In our seventh installment of our weekly World of Warcraft Wisdom feature I begin a series looking back at the various expansions and their patches - today we look at the impact of the original MMO on a new player.
When I was in middle school in the 1980s I played pen and paper Dungeons and Dragons. I am not sure how many of you out there have played a pen and paper RPG, but it is rather different than the MMOs we have today. The pen and paper games could go on for days, usually depending on the Dungeon Master. We would gather at a friend’s house and usually get a game started on Friday after school and play well into the night, drinking soda and eating all sorts of junk food. We would break around midnight and rejoin later on Saturday to finish the adventure.
The game was set up much like any instance group. We had a warrior, some damage from wizards, help from rogues, and of course the cleric for heals. I liked playing the rogue. There was something fun about the sneaky guy who could move in and out of shadows.

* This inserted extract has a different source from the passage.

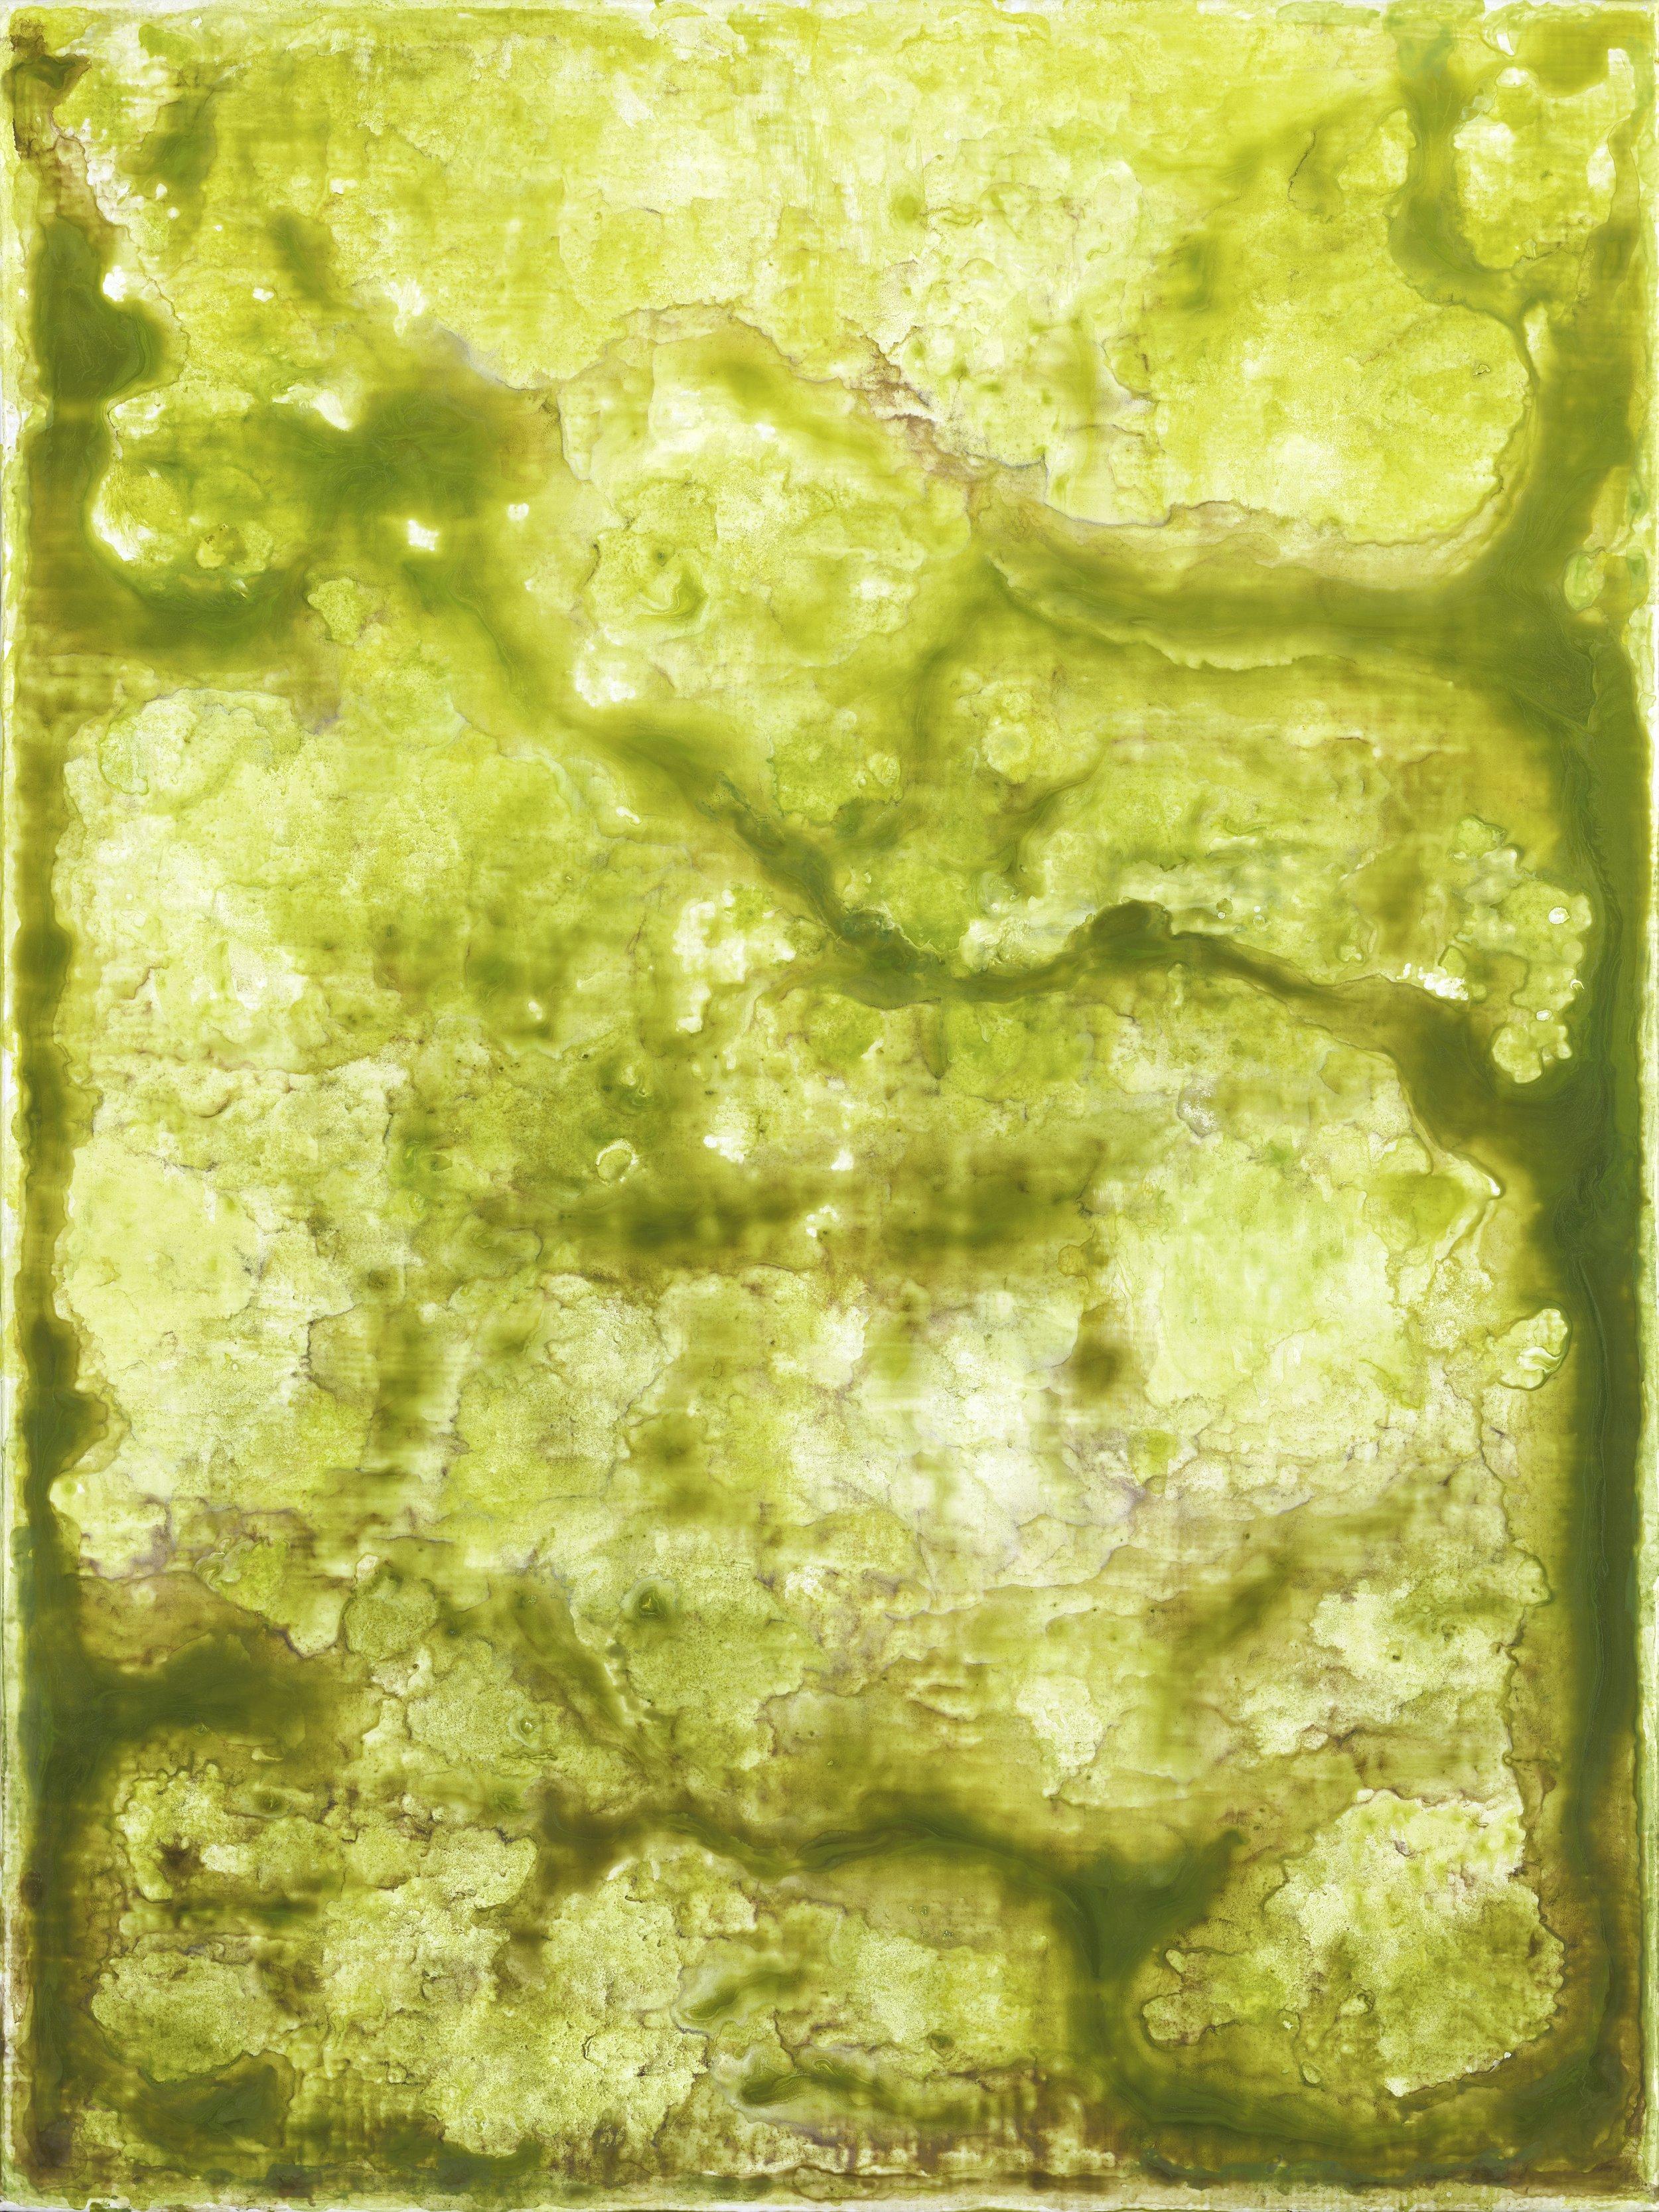 Karen Barth, White Light, 2014,Archival pigment on paper, mounted on panel, 40″ x 30″

The skills were a bit different than the rogue in World of Warcraft, but he was in many ways the same character. He could pick locks and was able to move ahead of the group. As the rogue moved ahead of the group, I rolled the dice to make sure my stealth held, and if my skills were high enough, in parallel with the roll of the dice, I could hear what may lurk behind a closed door.
Dungeons and Dragons is still around, though it has fallen to the wayside in favor of MMOs and other RPGs. It still lives in books, online, and groups who gather to roll the dice and bring their characters to life. Though I haven’t played the game since my freshman year of high school, I have always harbored a love of fantasy.
I have been in Azeroth for about five years now. I think when I began, there were only 9 million users. There was so much for my eyes. I had taken a serious hiatus from technology for many years, but then bought a new Mac. Shortly after that, I heard about World of Warcraft and signed up.
Like so many, I was amazed. Like so many, I came close to addiction level and spent many an hour in Azeroth. I had made friends and was having a wonderful time escaping/avoiding life. What amazed me, and still does to this day, was not only the detail of the world - but how it all operated. I am still baffled at how an MMO works, how when I hit a button, a signal is sent through the air to my wireless router, from there a wire carries that signal to the modem, which sends it via wire to God knows where through God knows how many switches to arrive at a server located in some bunker in California; once the signal of my keystroke arrives at the server, a signal is bounced out and around to (potentially) many, many people, through many, many wires, including myself - through the same channels from which I had originally sent it, the signal returns to my house, and the resulting action from my keystroke happens on my screen and all those around my character. Go figure.